**Work required**
Look in the material below for the line holding "6 Những người". Set it down exactly, with each later line up to and including the line holding "Intel(R) Pentium(R) 4 Processors".
------ Information provided ------
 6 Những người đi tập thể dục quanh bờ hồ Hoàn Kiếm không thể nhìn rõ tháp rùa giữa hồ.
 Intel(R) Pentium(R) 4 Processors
------
------ Information provided ------
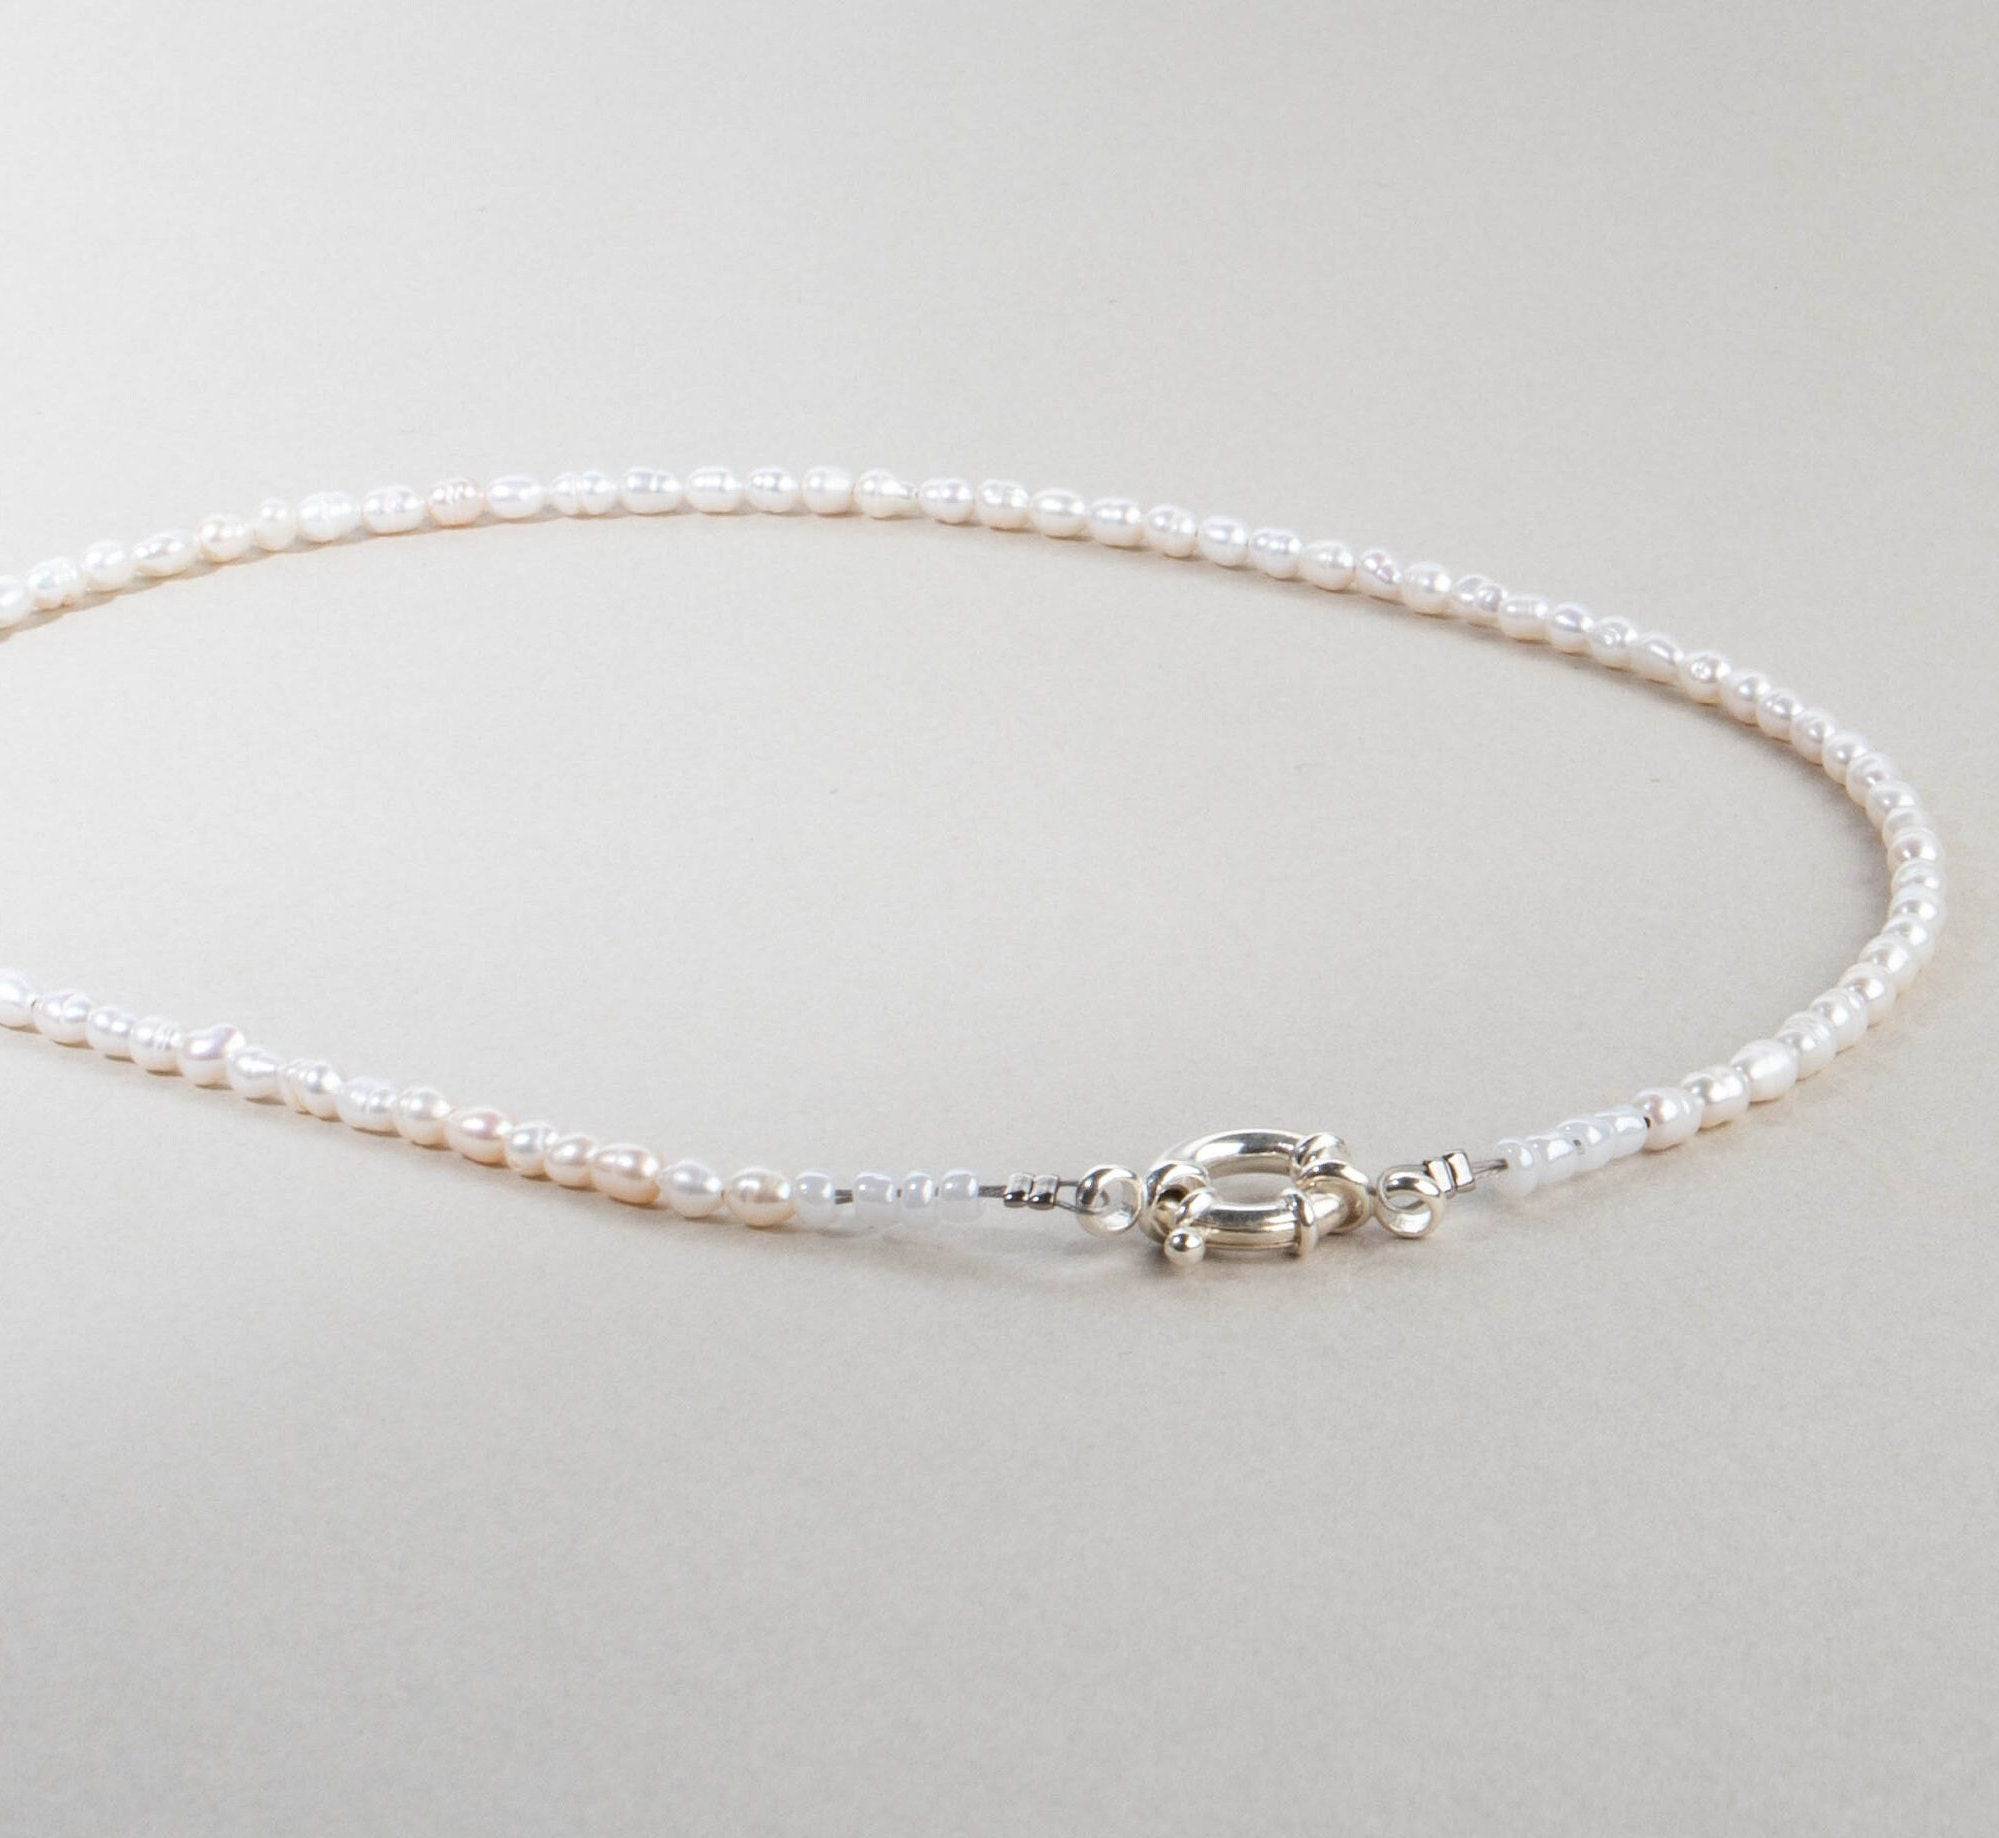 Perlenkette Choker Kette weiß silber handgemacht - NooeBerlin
------
**Exercise result**
 6 Những người đi tập thể dục quanh bờ hồ Hoàn Kiếm không thể nhìn rõ tháp rùa giữa hồ.
 Intel(R) Pentium(R) 4 Processors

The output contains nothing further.